I edged forwards, pretending to pack files into my bag.
‘You can help me. Of course you can. You’re the course convenor.’
‘No. It’s not that simple.’
‘Why?’
‘I shouldn’t have to explain.’
‘You’re a lecturer. It’s your job to explain. And anyway,’ she shrugged slightly, ‘I deserve an explanation. You of all people know that.’
The professor laughed in a forced, shallow manner: lightly at the back of his throat. The sound echoed around the room. I watched him push a hand through patchy hair, embarrassed and smiling. Then he glanced around again and caught my eye. At that moment his expression shifted: his features stabilized, became authoritative, patient, ironic.
‘Well I’ve said all that I can tell you,’ the professor’s voice was now resonant and calm. ‘Which is, that if you have any concerns then they should be sent to me in an email, copying in the head of department.’

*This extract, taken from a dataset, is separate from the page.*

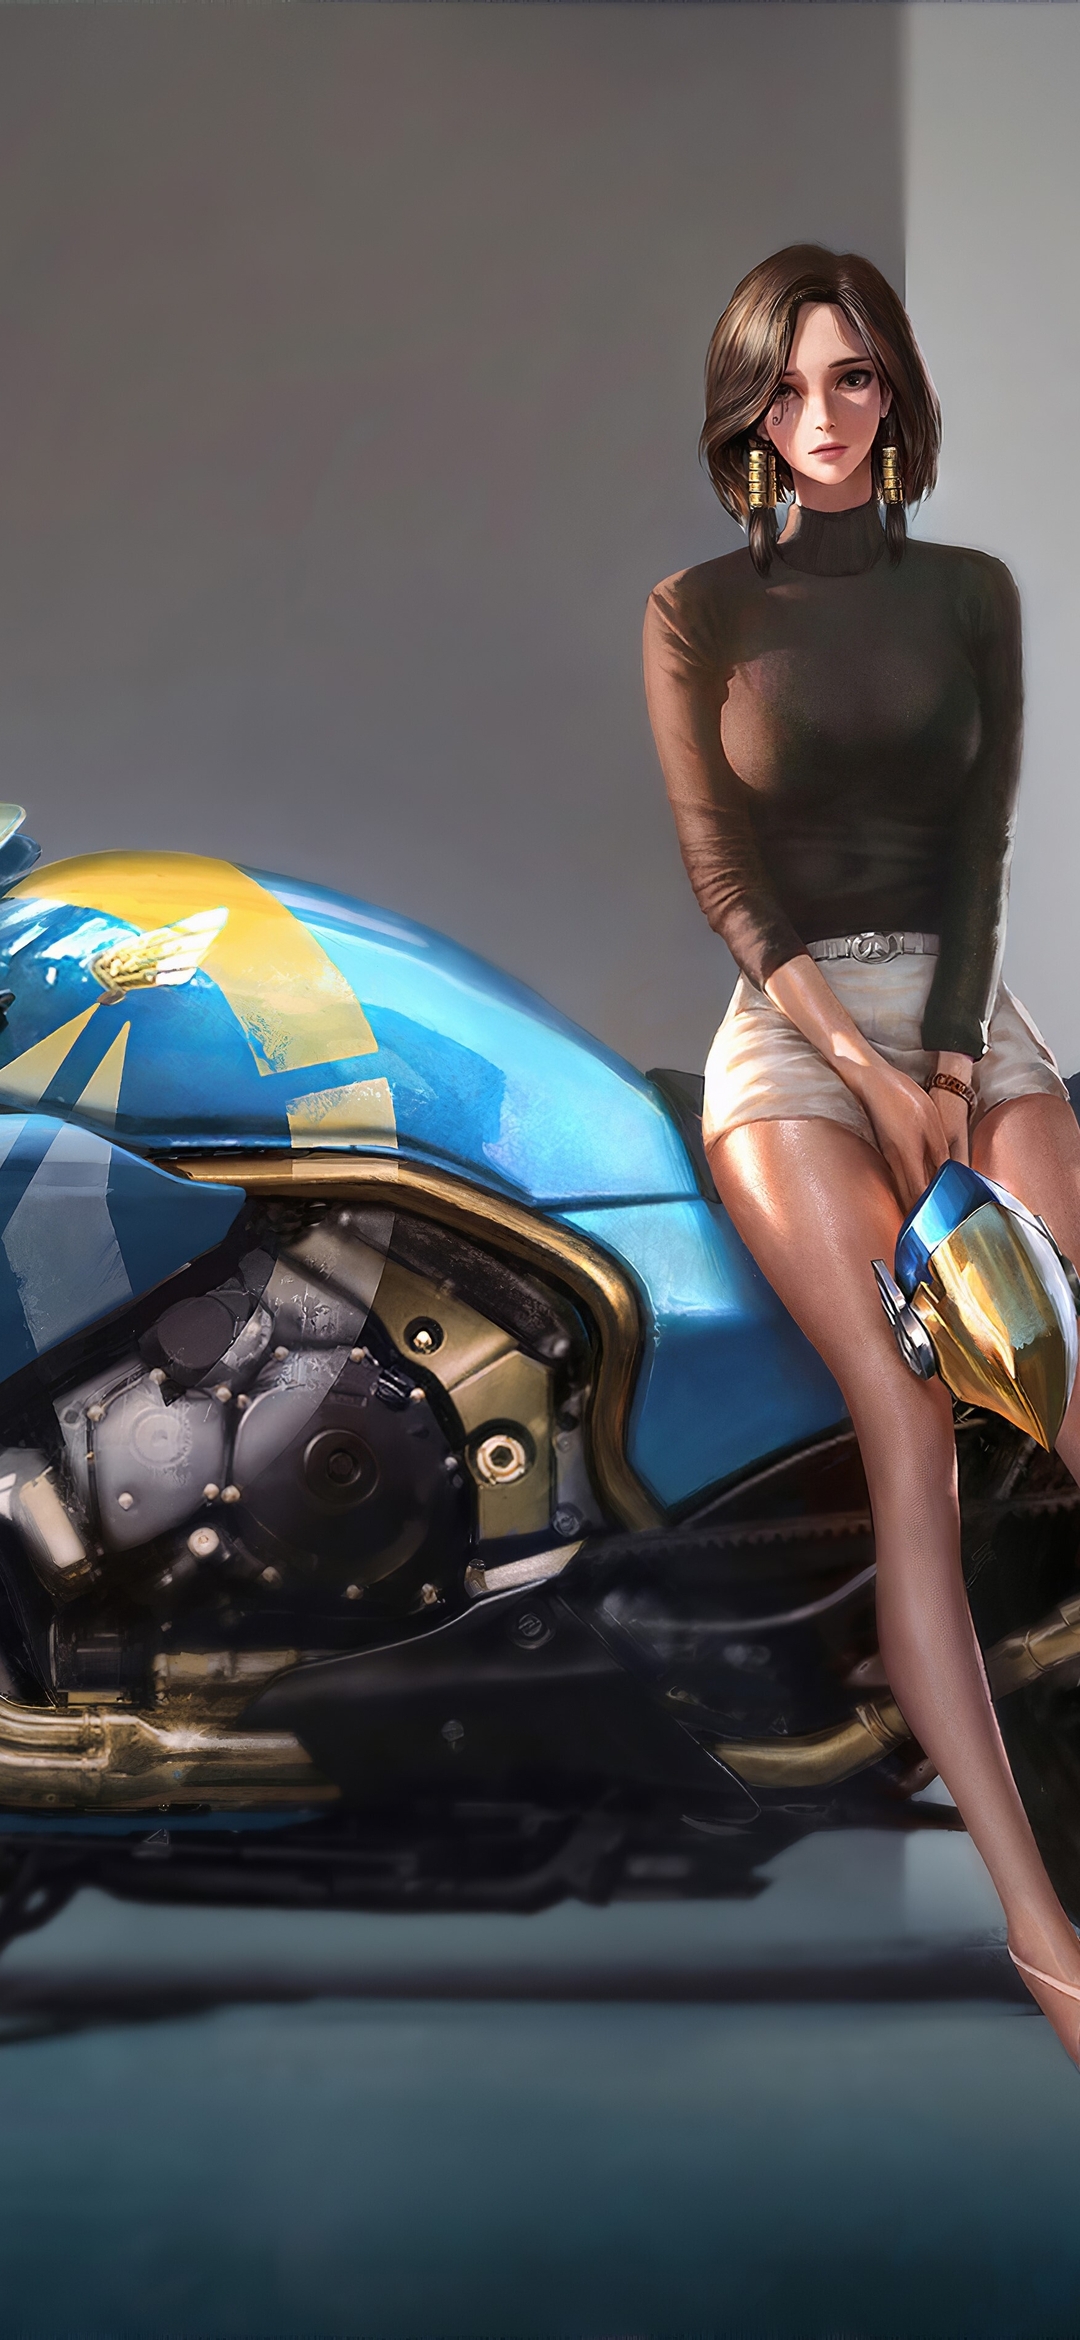 Картинка: Девушка, Pharah, игра, Overwatch, байк, фон, арт, ножки, шлем, взгляд

Marina began to object, but before she could trap him in further conversation he cut her off, muttering darkly about pressing engagements. He gathered his papers together and lifted his overcoat onto his back. Then he smiled tersely at her, at me, and shuffled out the door.

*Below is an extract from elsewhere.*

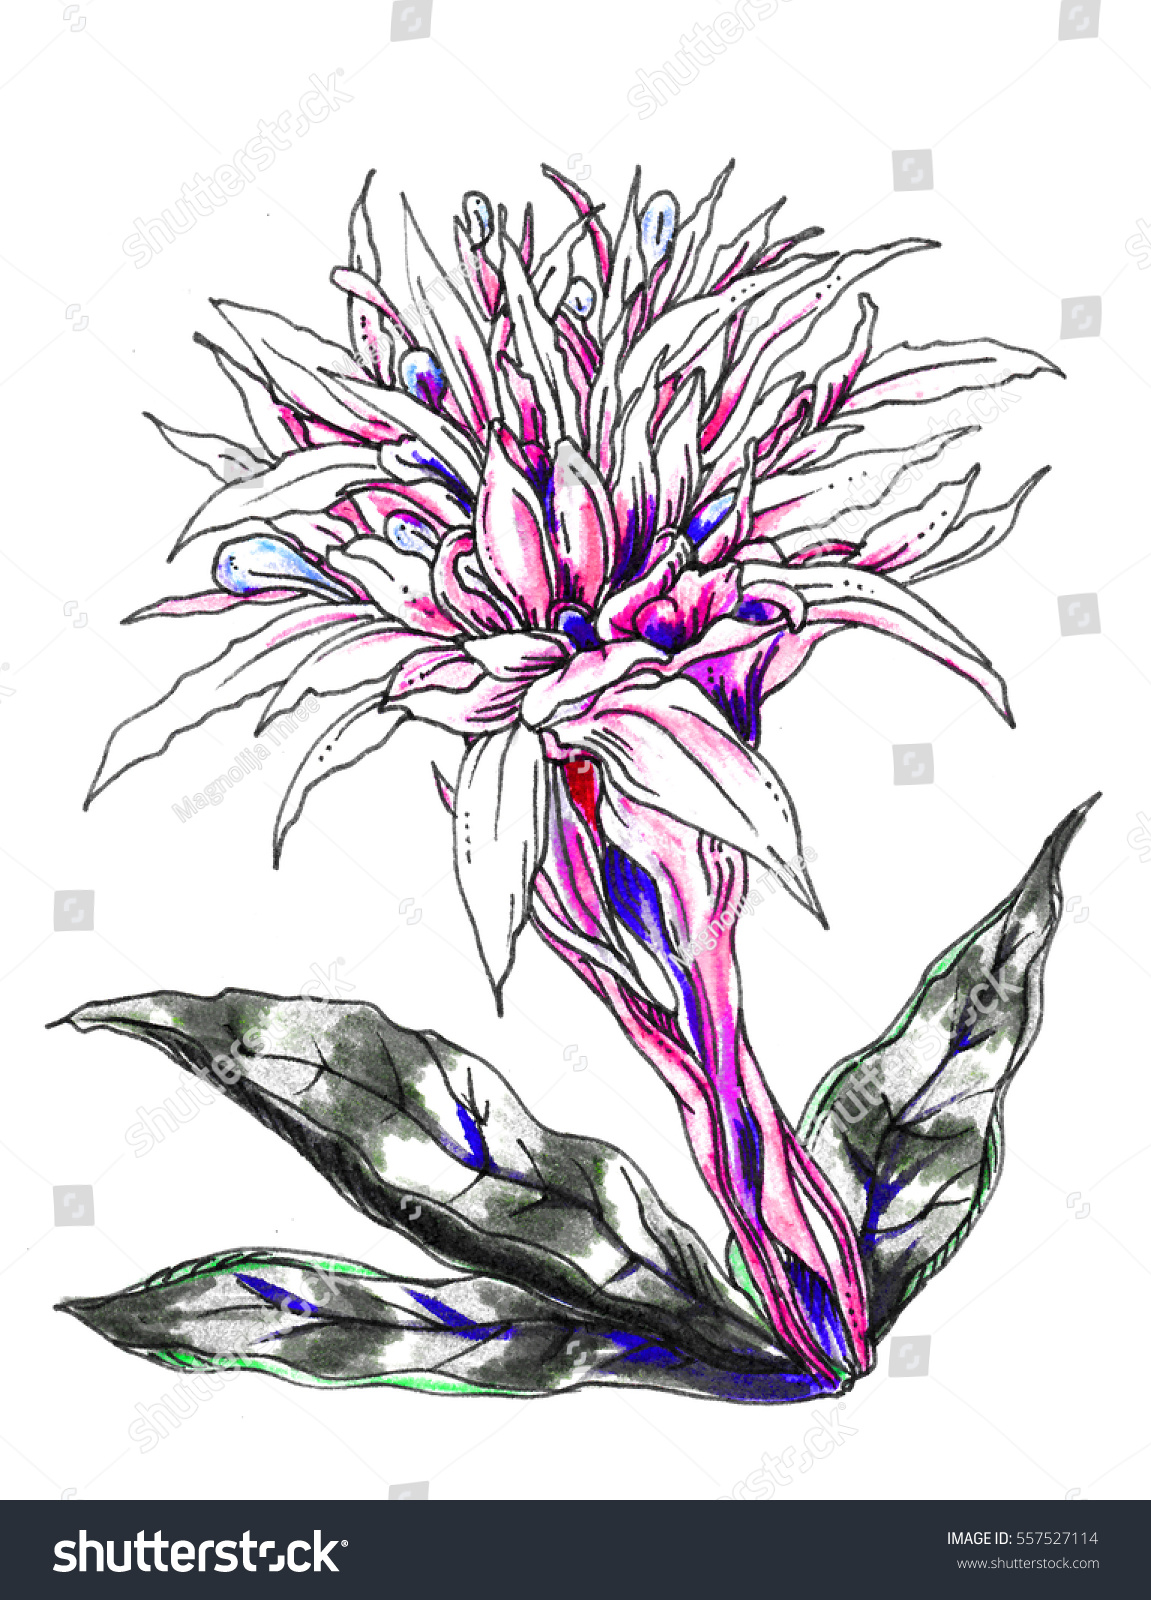 Aechmea Fasciata Bromeliad Flower Hand Drawn Stock Illustration 557527114

Marina bent down to pick up her satchel from the floor and swung it over her shoulder. Then she sighed theatrically and turned around – and I saw her face for the first time.

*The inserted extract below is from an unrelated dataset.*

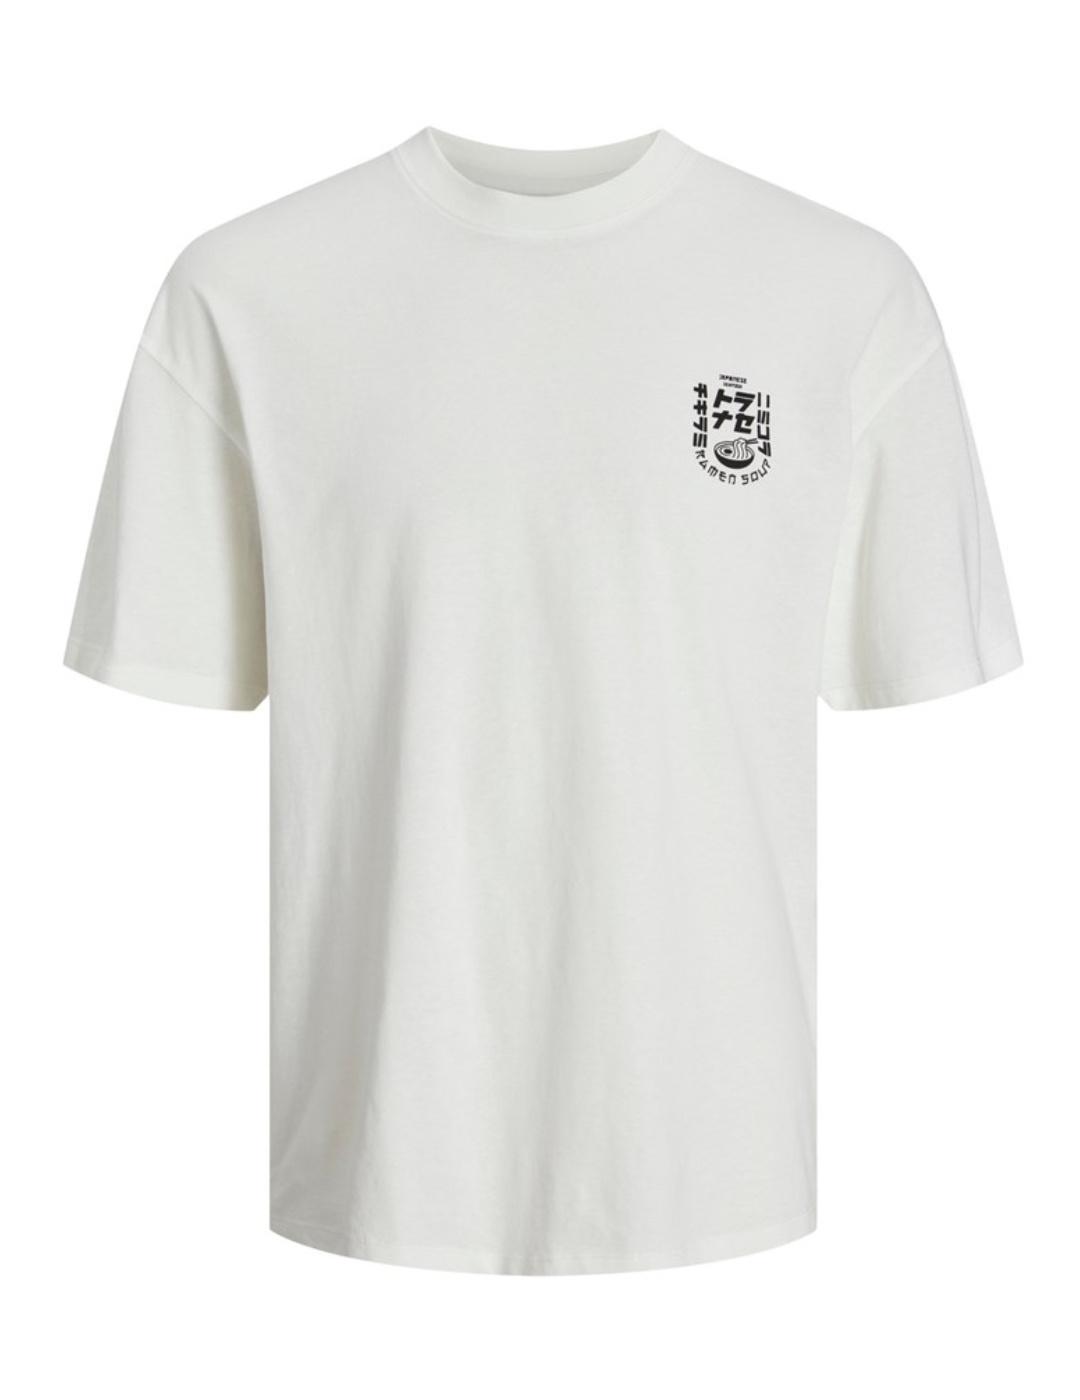 Camiseta Jack&Jones Drik blanco manga corta para hombre

It was slimmer than I’d expected, with high cheekbones and a slightly pointed chin. Those sharp shapes, mixed with her snub little nose, gave her an almost goblin-like appearance, and yet they were balanced out by a smattering of freckles and a full, bow-like mouth. Now, even though she was frowning – her brow furrowed, her mouth knitted into a downwards curve – the expression was childish somehow. There was an air of innocence, of mischief about her.
As she walked past me, she looked right into my face and her frown deepened.
Her eyes were green, I noticed, with small flecks of gold in them.
Alone in the lecture hall I reflected on the confrontation I’d just seen. Marina’s blunt manner amazed me. At school, those who engaged in backchat with the teachers were mostly layabouts without much wit, whose interjections consistently fell short of the mark. I’d often felt a prudish satisfaction watching their snark dissolve into humiliated silence: the corners of their mouths drooping, their eyes turning to the table.
With Marina it wasn’t like that. She seemed not only to be tolerated but respected by the professor. His reaction had not been reproachful or even impatient, but nervous. It was as though he suspected that she had the power to publicly humiliate him in some way. He had solicited her approval even while he was rebuking her.
iii.
I thought about this as I walked down the corridor until I realized I was in front of the pinboard. I looked up at the timetable showing the times and places of all the seminars, scanned them quickly. I wondered how many clashed with my commitments. Might I be able to turn up to some of them, just to see if she was there? Then I thought: that is impractical. She’d said she wasn’t on the English course. There was no reason to think that she’d be attending any of the other seminars.
A better bet would be to find her outside of lectures: in the library for example. I went to the library, but she wasn’t there. Not in the open downstairs area. Not in the creepy silent room. Not on the nooks of the upper floor by the archives. She wasn’t in the café, nor the dining area, nor the bar. She wasn’t in the campus shop.
On my way back to my room, I took a detour to the other side of campus, towards the bougie accommodation. Two girls were sat on a bench, and I overheard one of them complaining to her friend about having sunburned the ‘rooves’ of her feet while on holiday in St-Tropez.